Autor/a
PETIRROJO
Categoria
Relat lliure
CAÍDA LIBRE
I
La ciudad padecía una creciente división entre dos ideologías tan dispares que hacía imposible llegar a un consenso medianamente aceptable para ambas partes de la sociedad. El ambiente provocado en las calles por las continuas discusiones se iba cargando y caldeando cada vez más. Las personas pesaban toneladas de preocupación, rabia y odio, hasta tal punto que el suelo por donde andaban comenzó a derretirse bajo sus pies y formar agujeros con cada pisada que daban. Empezaron a caer al vacío, así sin más, hasta formarse una hilera de individuos que se tiraban como autómatas, uno detrás de otro, a una grieta cada vez más ancha y alargada.
II
Era la primera vez que viajaba en el transporte metropolitano de Barcelona. Mamá decía que era el medio más seguro del mundo, más que el avión, pero lo decía para que no tuviese miedo porque era una niña con mucho miedo a lo nuevo. Siempre íbamos caminando a todas partes, para ahorrar. Ese día estábamos las dos muy cansadas y faltaba un buen trecho para llegar a nuestro hogar. Mamá me dijo que como premio por mi buen comportamiento montaríamos en un bus especial que nos dejaría delante de casa. Nos sentamos al fondo y con el run run del motor me dormí.
Desperté con un escalofrío, oí gritos a través de la ventana del bus y vi personas que iban desapareciendo, sus voces se oían como si se precipitasen hacia un profundo pozo, y cuanto más hondo caían, más lejos se captaban hasta que sus ecos desaparecían del todo en el infinito. Pero esos ecos siempre se iban superponiendo uno detrás de otro. Allí no había cabida para el silencio. ¿Qué está pasando, mami? Mi madre intentó taparme los ojos con sus manos, pero ya era demasiado tarde, yo había comprendido que no se trataba del rodaje de una película, lo que estaba sucediendo era real. Fui presa del pánico y me eché a llorar. Mi madre me abrazó muy fuerte para intentar calmarme y bajito me decía: hay que ser valientes.
De repente el autobús empezó a dar botes como si atravesara muchos baches. Y los que estaban dentro con nosotros empezaron a gritar y a caer por el suelo. El abrazo protector de mi madre se hizo tan fuerte que me dejó sin aire. Me dio la sensación de que ella también estaba asustada. Volví a mirar de reojo por la ventana: el agujero se había ensanchado mucho, cada segundo que pasaba aquello iba agrandándose y engullía todo a su paso. Las personas seguían tirándose al vacío. De pronto, nuestro bus se detuvo en la parada de La Pedrera. La puerta más cercana a nosotras se abrió de golpe y vi con claridad que nos asomábamos al vacío. Lancé un grito asustado y miré a mi madre, ¿mamá, vamos a morir?

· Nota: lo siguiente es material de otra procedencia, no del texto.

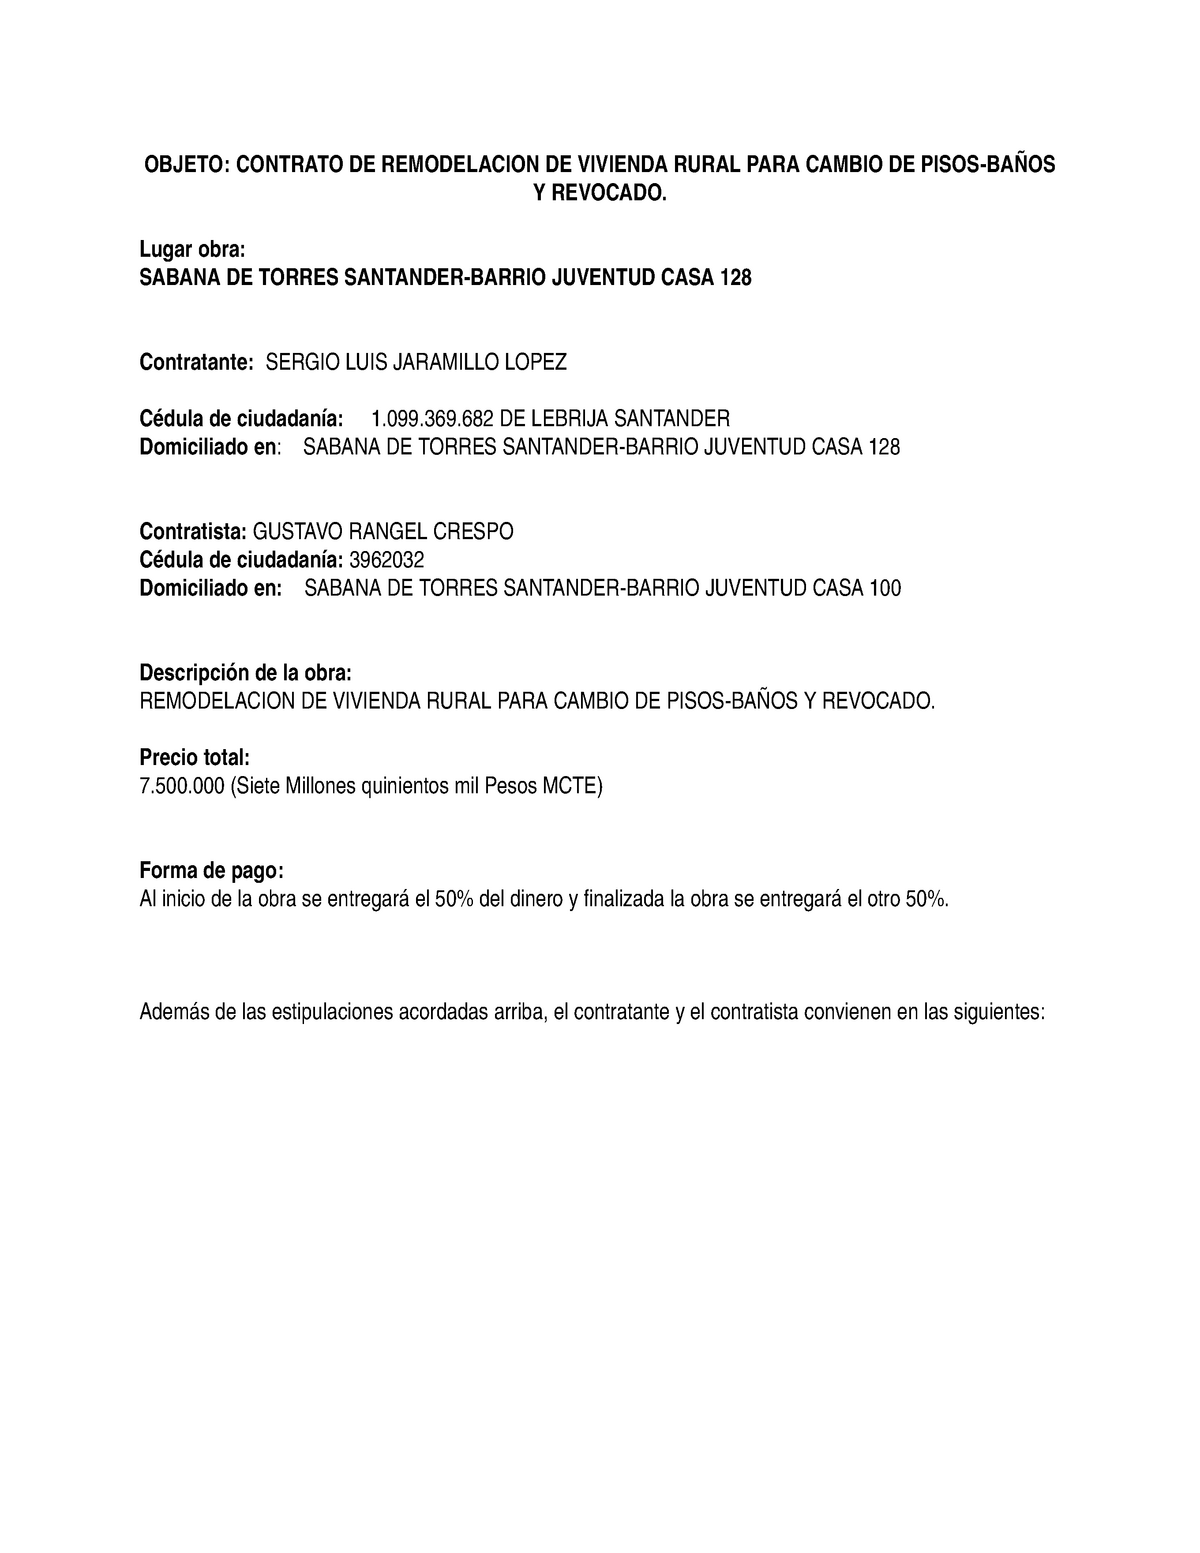 Contrato de remodelacion - OBJETO: CONTRATO DE REMODELACION DE VIVIENDA  RURAL PARA CAMBIO DE - Studocu
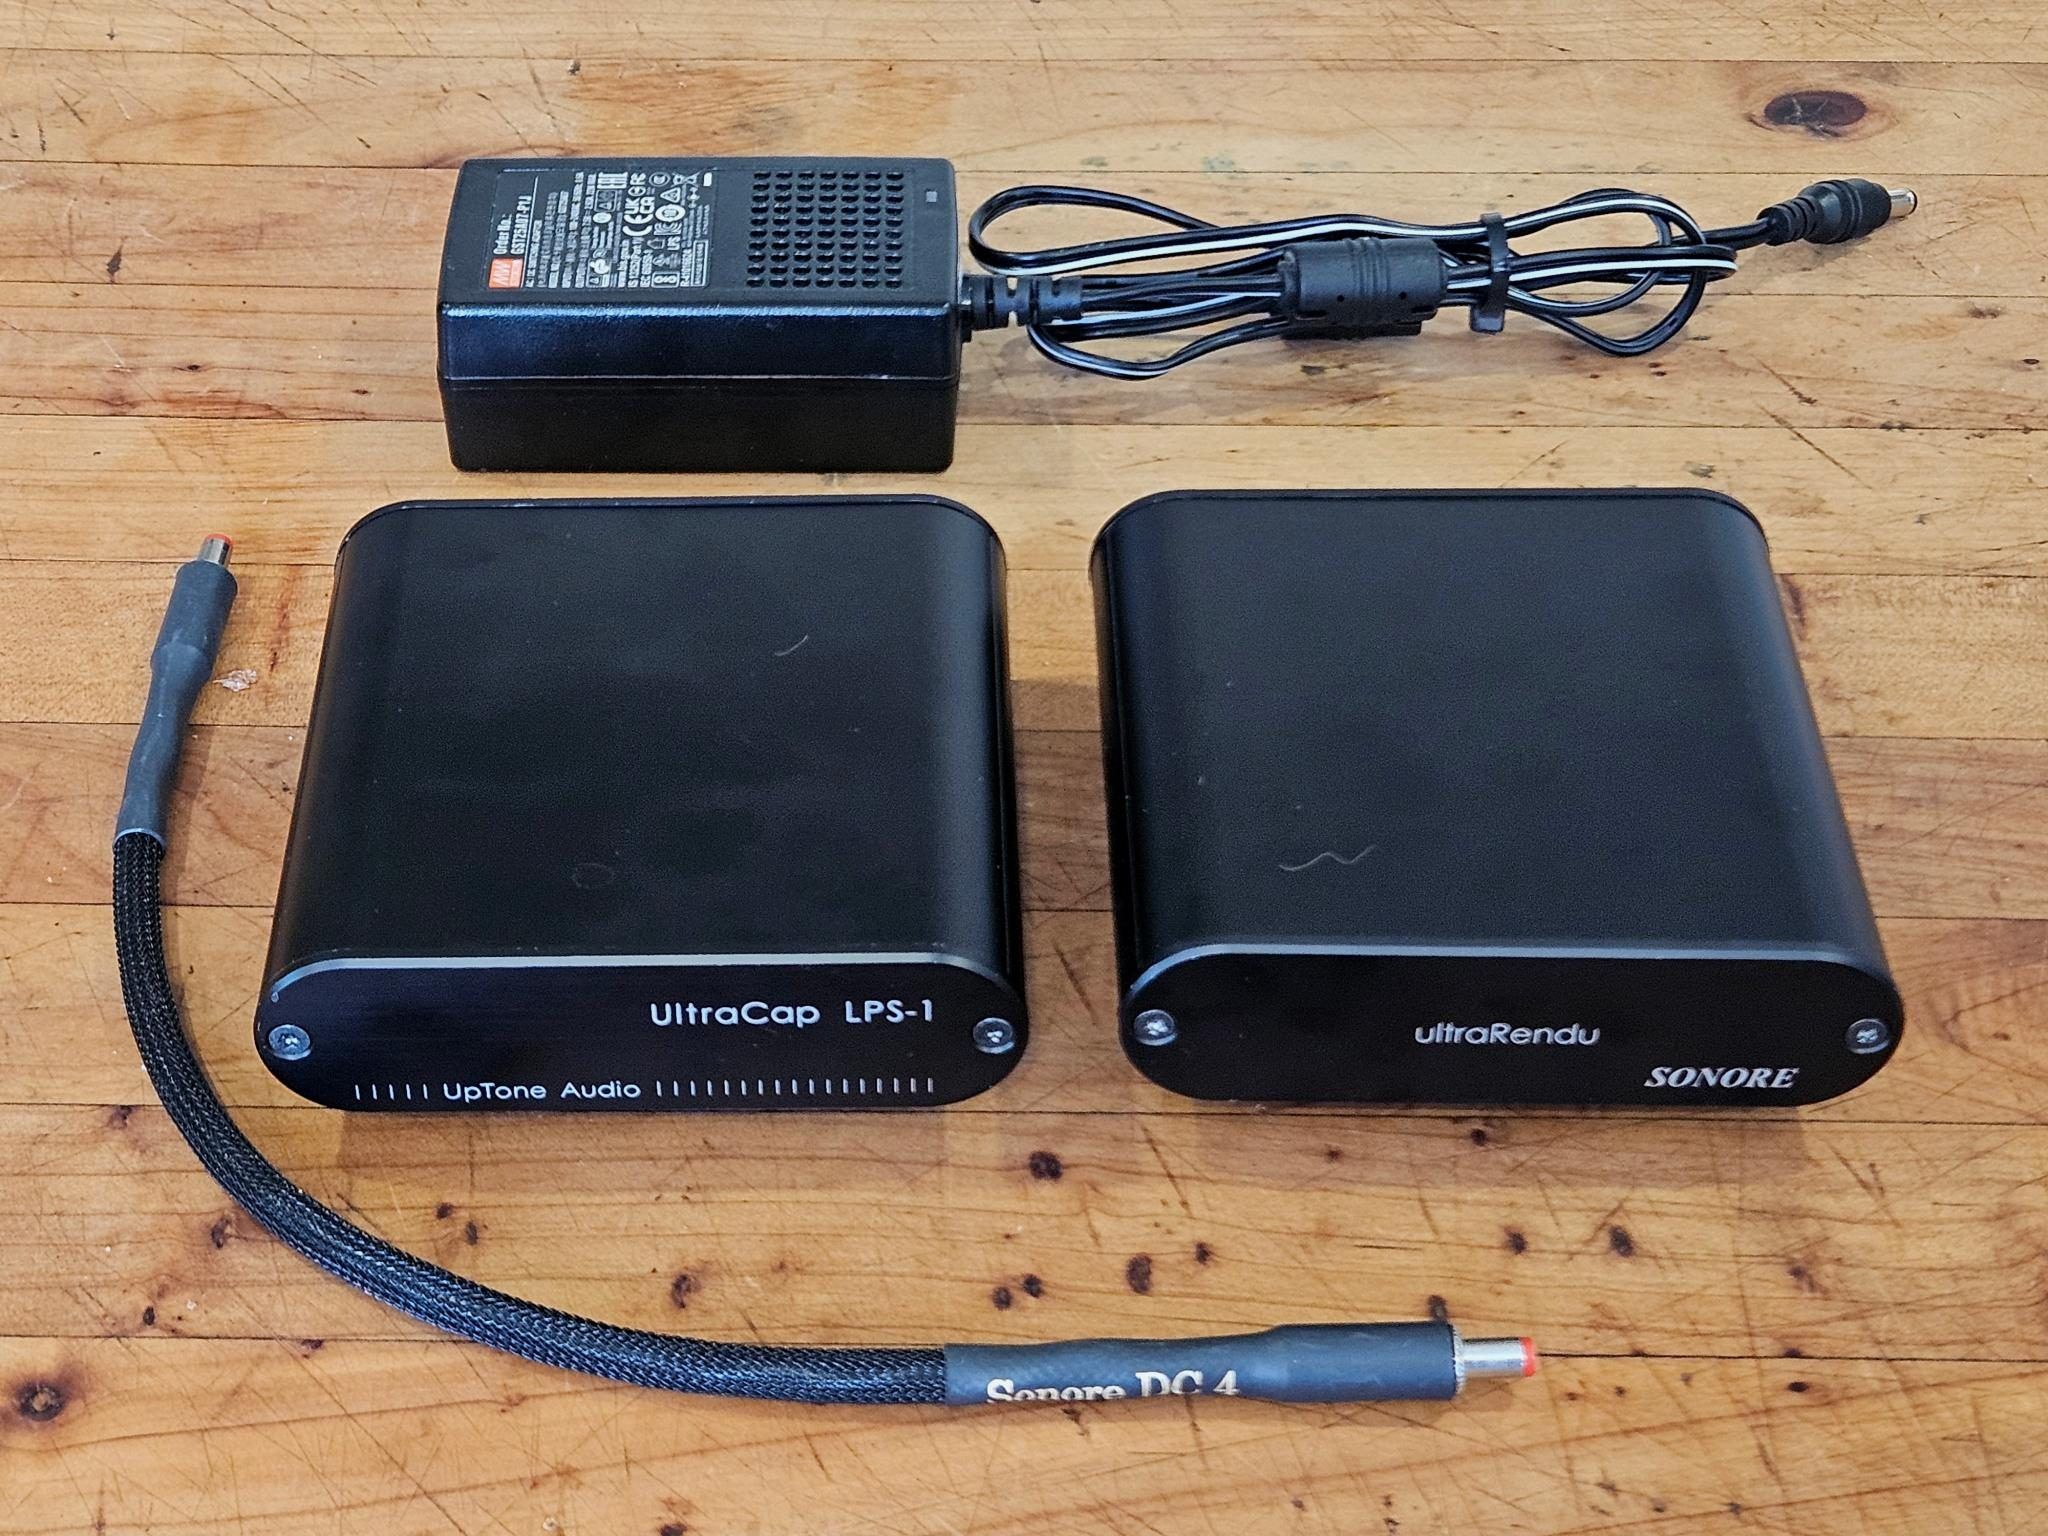 Sonore UltraRendu v1.3 + UpTone Audio UltraCap LPS 1 + ... 4

El bus empezó a torcerse hacia la derecha y avanzó en dirección al abismo. Para evitar que volcase todos los pasajeros fueron hacia el lado izquierdo del bus para hacer de contrapeso, pero yo perdí el equilibrio y resbalé del asiento, caí al suelo y me escurrí hacia la puerta hasta verme precipitada al agujero negro.
Mamá, que caeré al agujero, ¡agárrame fuerte!
¡Aaaah!
Todo está oscuro.
III
Un apretón en el hombro me despierta, me había quedado dormida en el bus de vuelta a casa. Miro por la ventana y veo la Casa Milà. Todo está en silencio, mi madre sonríe:
Veo que estabas teniendo una pesadilla.
Y como si supiera qué acabo de soñar añade:
Tranquila, gracias a Dios es imposible morir dentro de un sueño.